> Information given
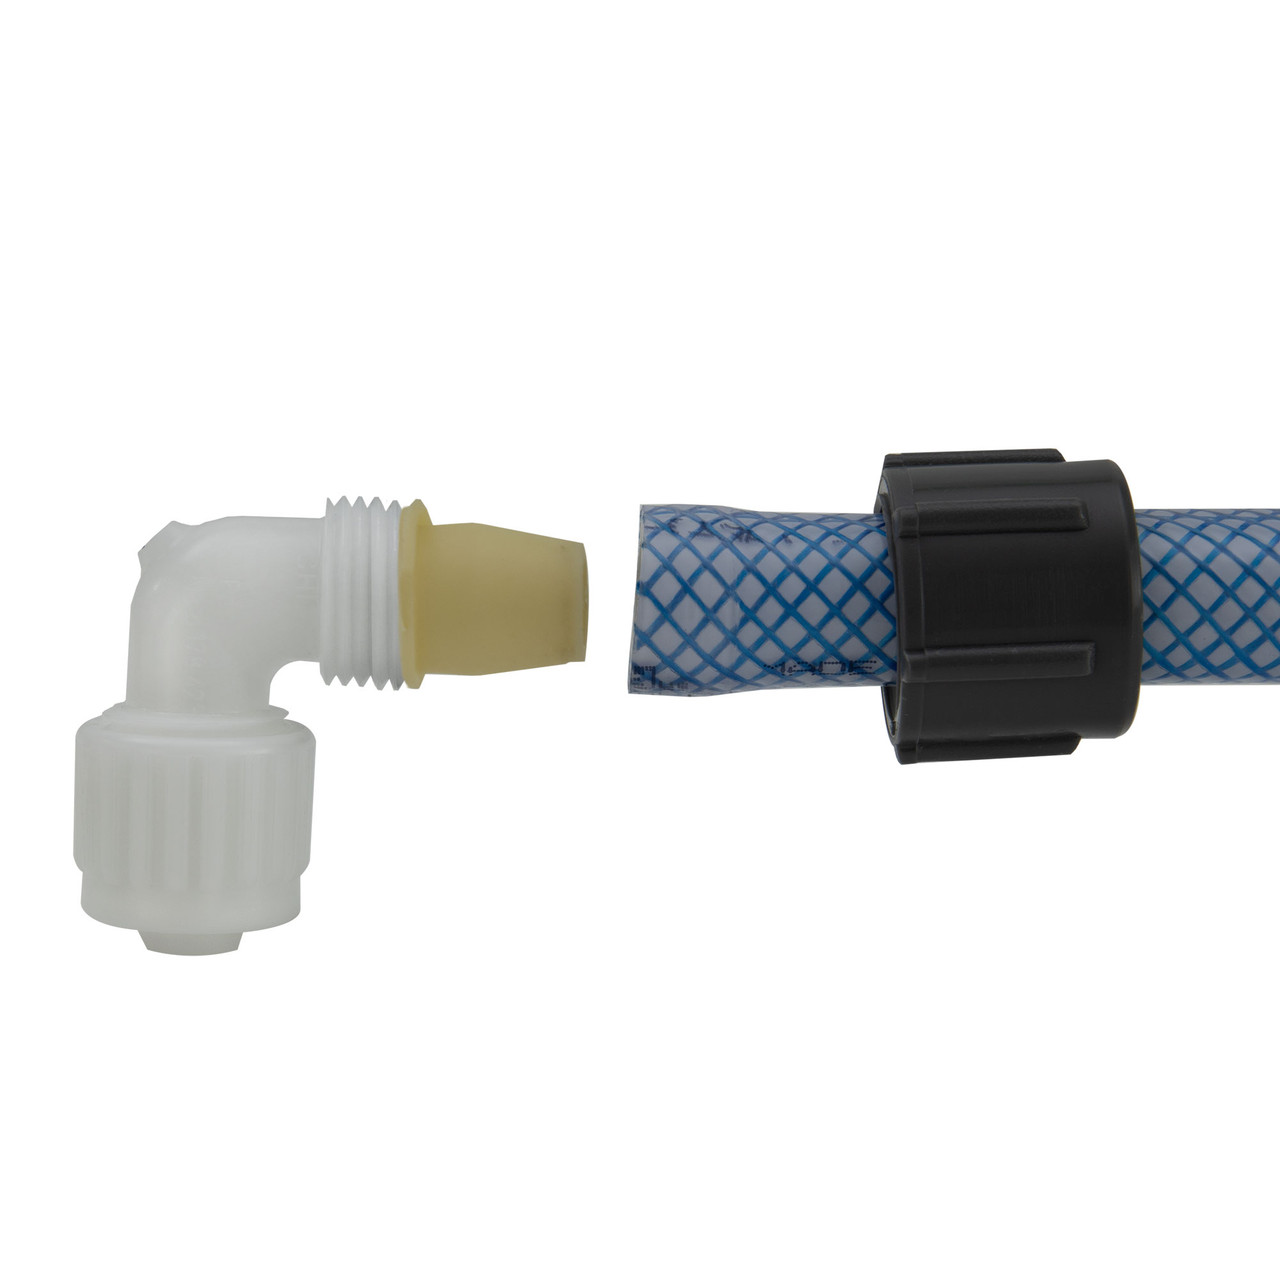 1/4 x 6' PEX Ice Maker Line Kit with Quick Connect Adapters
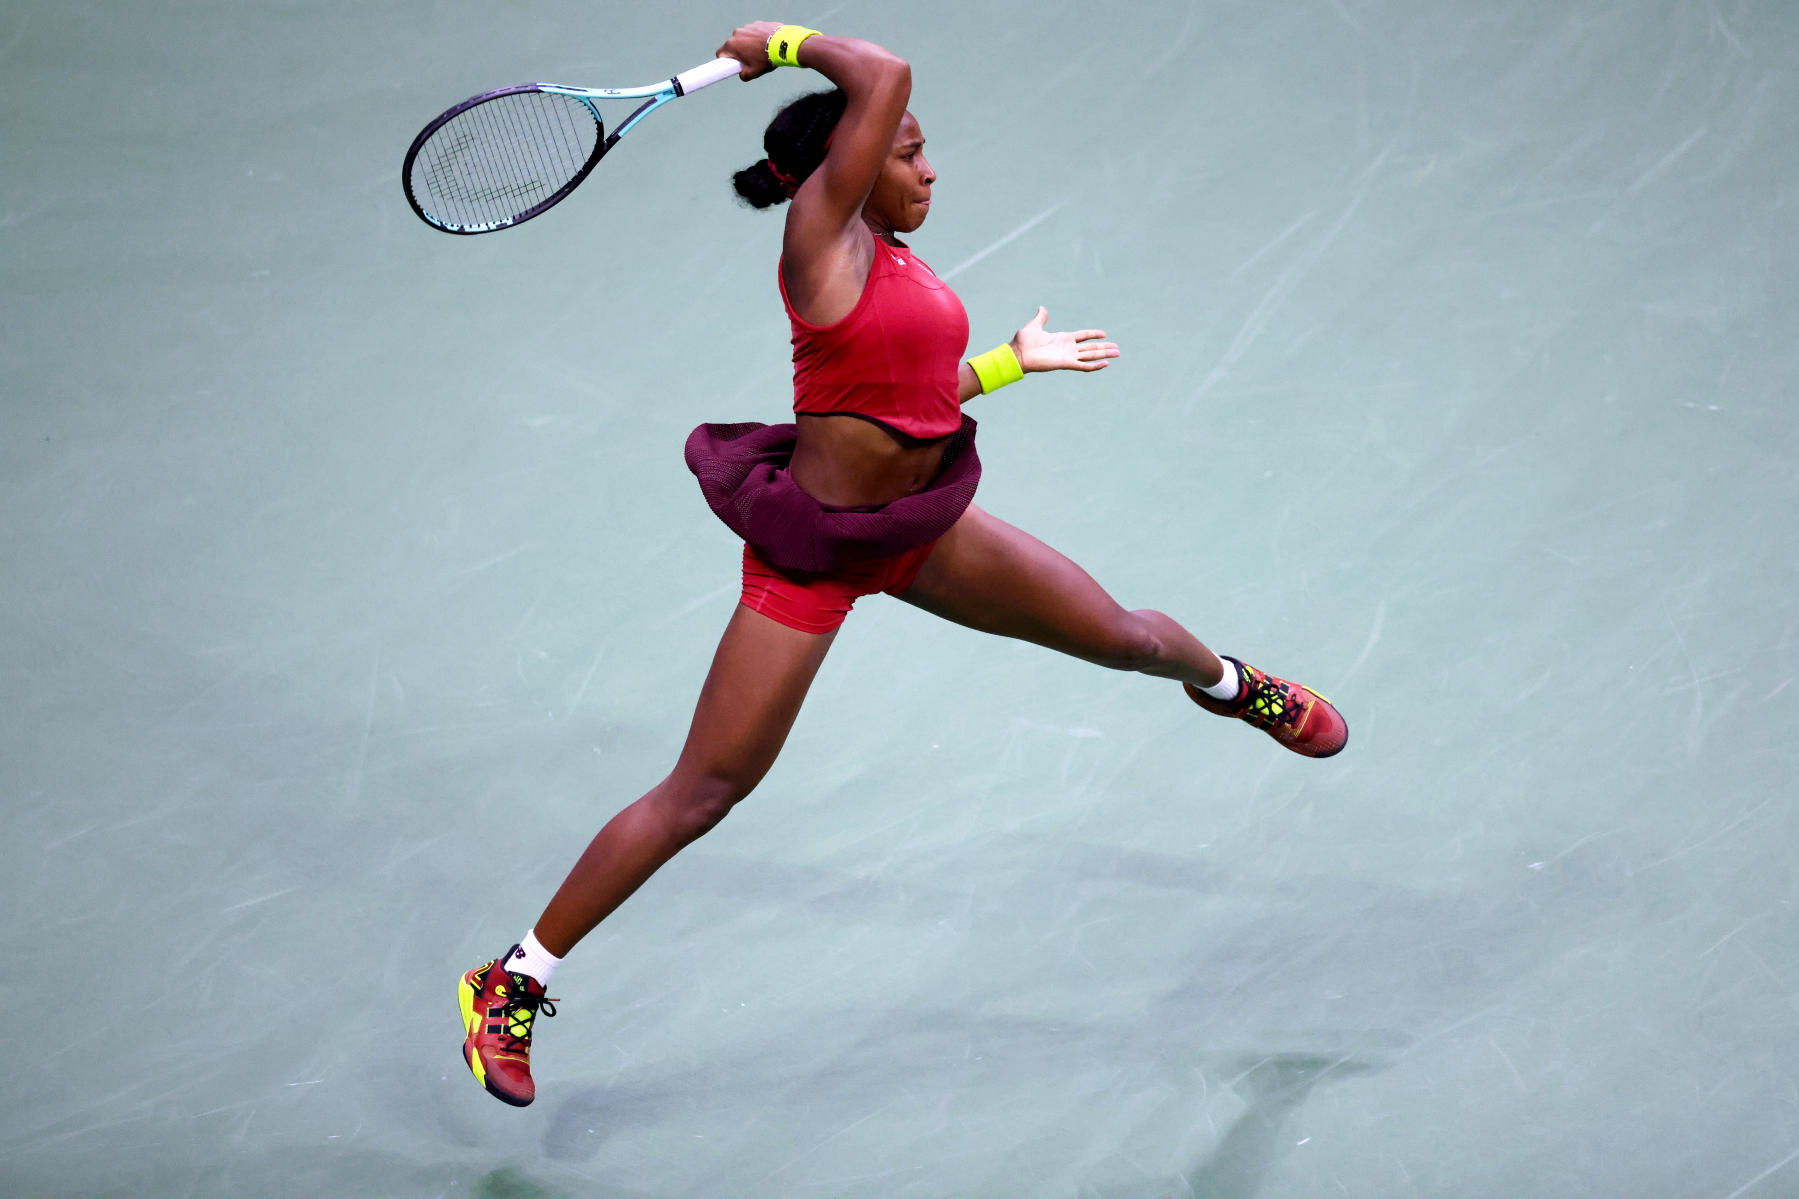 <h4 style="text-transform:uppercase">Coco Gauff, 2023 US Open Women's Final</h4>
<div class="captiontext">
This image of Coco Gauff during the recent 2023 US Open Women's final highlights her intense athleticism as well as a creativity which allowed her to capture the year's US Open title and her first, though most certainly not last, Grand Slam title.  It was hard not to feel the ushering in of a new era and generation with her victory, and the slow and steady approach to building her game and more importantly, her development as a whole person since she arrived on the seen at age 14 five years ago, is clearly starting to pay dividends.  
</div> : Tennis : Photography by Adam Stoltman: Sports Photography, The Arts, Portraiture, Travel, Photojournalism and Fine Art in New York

> Task requirements
Begin with the line that contains "This image of" and set down each line exactly until the records above end, including the final line.

> Written solution
This image of Coco Gauff during the recent 2023 US Open Women's final highlights her intense athleticism as well as a creativity which allowed her to capture the year's US Open title and her first, though most certainly not last, Grand Slam title.  It was hard not to feel the ushering in of a new era and generation with her victory, and the slow and steady approach to building her game and more importantly, her development as a whole person since she arrived on the seen at age 14 five years ago, is clearly starting to pay dividends.  
</div> : Tennis : Photography by Adam Stoltman: Sports Photography, The Arts, Portraiture, Travel, Photojournalism and Fine Art in New York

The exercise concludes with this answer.